Although winter looms, predictions for the coming regulatory climate according to one consultant show escalating temperatures with little chance of relief.

“Right now the regulatory climate is hot and it's been that way for a while,” said Pam Perdue, chief compliance strategist for Continuity Control, a New Haven, Conn., financial consulting firm.

The regulatory storm is much broader than community financial institutions have faced in the past, Perdue said Wednesday during a Continuity Control webinar, “Enforcement Actions Survey: How to Avoid Being the Next Victim of Increased Regulatory Scrutiny.”

The lightning strike of enforcement actions is affecting a wider range of issues and institutions, including smaller asset-sized ones that may heretofore have operated successfully on a more informal basis. Those days, Perdue said, have passed.

“Regulators from all agencies are showing an increased appetite for enforcement,” said Perdue, a former regulator with the Federal Reserve. “It can happen to you and will only be prevented if you have a rock-solid compliance process already in place.”
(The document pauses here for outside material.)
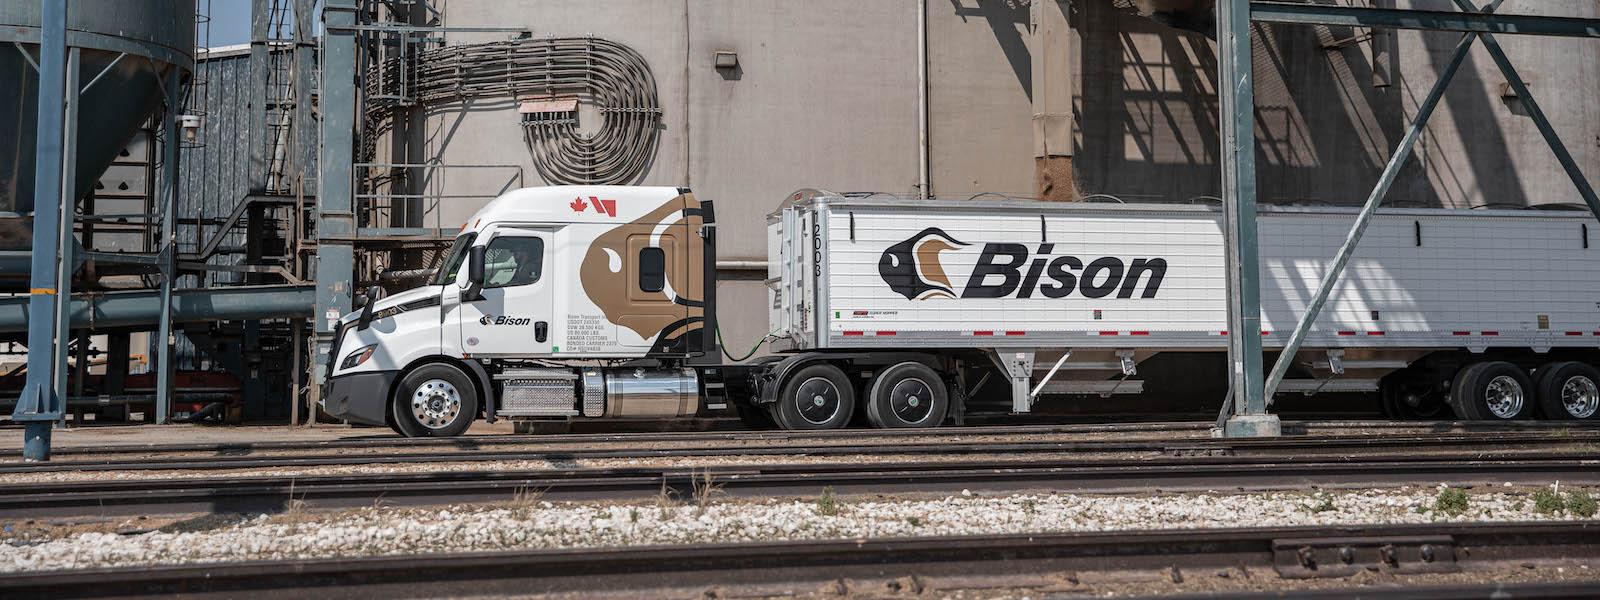 Key Industry: Transportation & Distribution
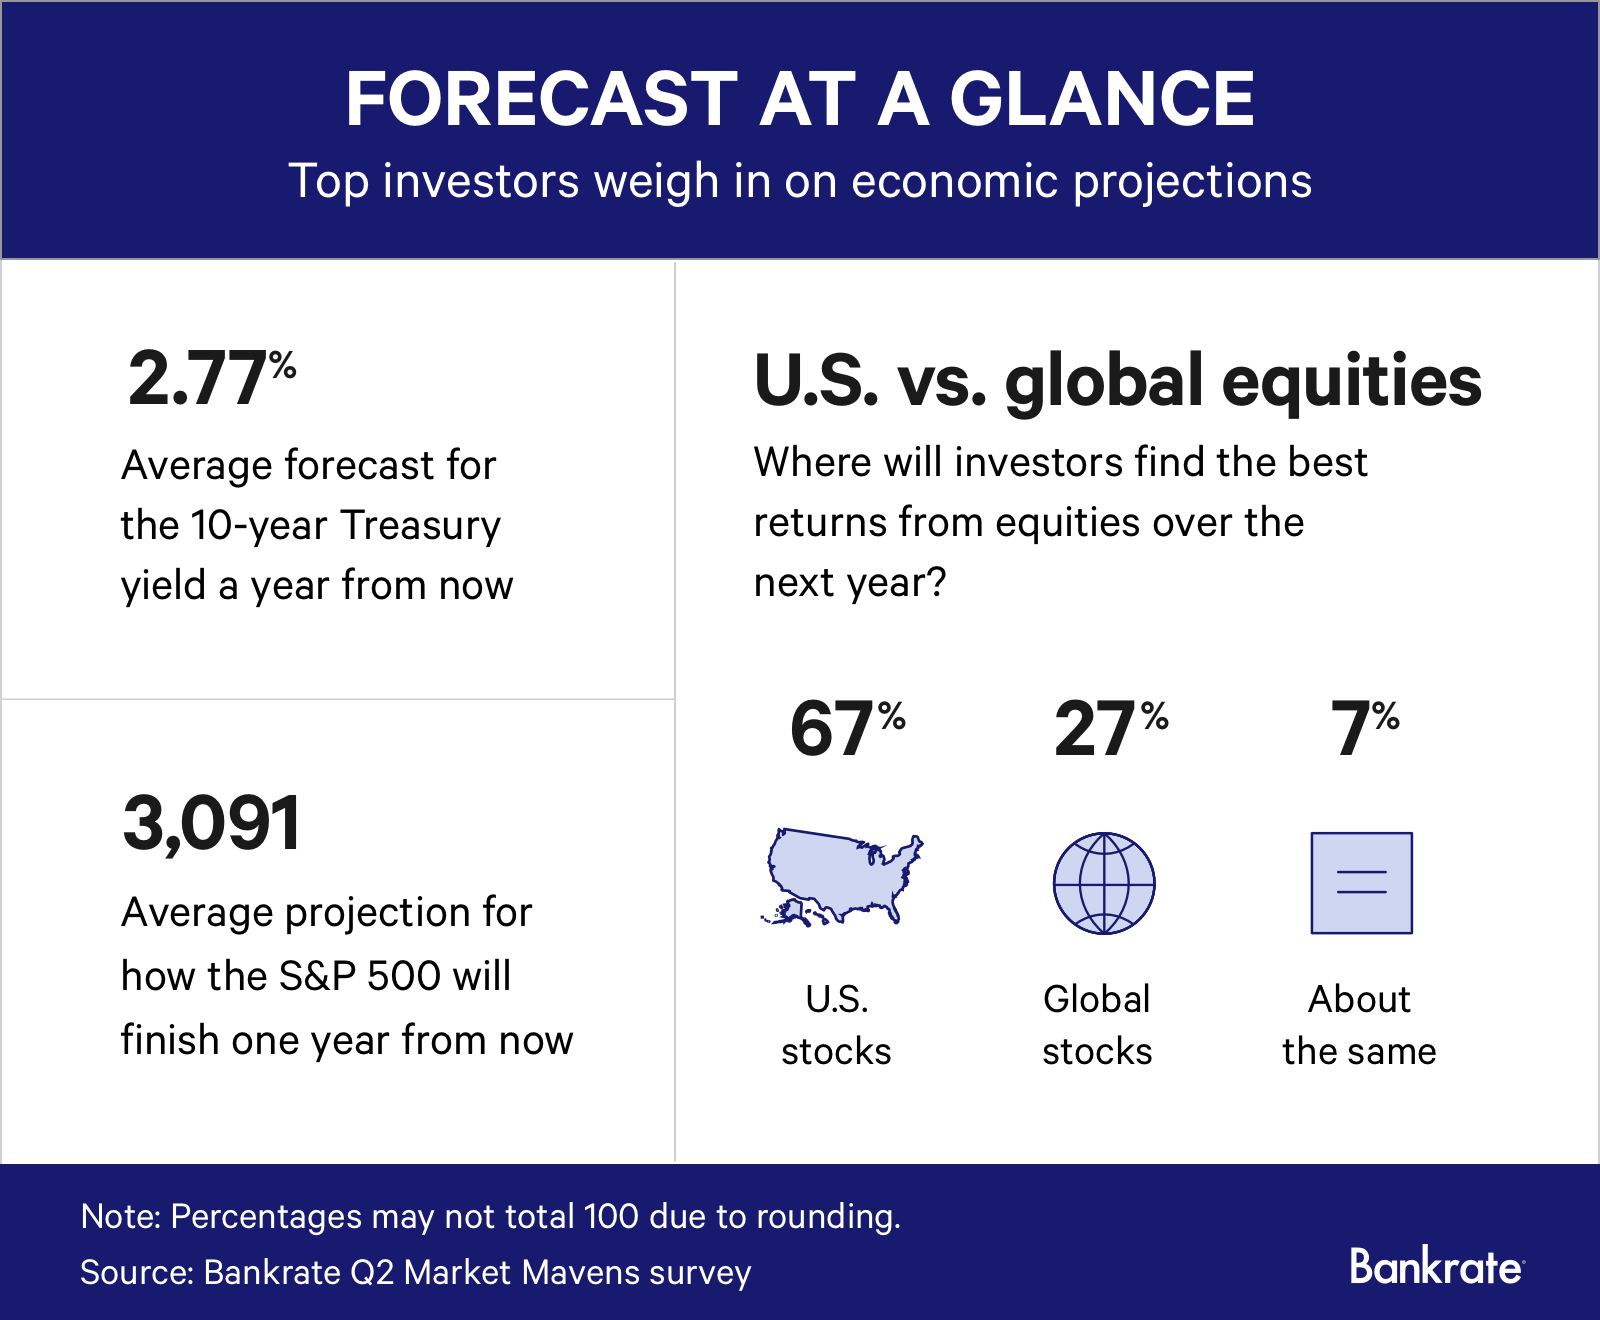 Economic projections for quarter 2

Based on third-quarter 2013 data, the FDIC showed the greatest spike in activity among regulators, and especially in comparison to the NCUA, whose activity was limited by comparison. Overall, management issues attracted the largest amount of activity at 30%, but Bank Secrecy Act violations ranked a close second. The third quarter saw cease-and-desist orders issued against two credit unions for BSA violations, a move Perdue said was very unusual.

On Aug. 29, North Dade Community Development Federal Credit Union, located in Miami Gardens, Fla., signed a consent agreement with NCUA, neither admitting nor denying charges of alleged money laundering. The action prohibits the $6 million credit union for having any further business with money service bureaus not part of its field of membership.

On Sept. 24, Bagumbayan Credit Union in Chicago signed a similar consent agreement with the regulator, who found significant issues with the credit union's management. Specifically, the action barred unpaid and untrained individuals from acting on behalf of the tiny credit union, which has $75,000 in assets and one employee.

Both cases focus on very small institutions, supporting Perdue's assertion that size no longer matters, but adherence to formal compliance procedures does. What's more, all regulators offer fair warning when something isn't quite right with a financial institution's compliance methodology.

“It is never a surprise when an institution gets into trouble and enforcement actions are never sudden,” said Perdue. “In more than 80% of all cases declining performance is known to an institution.”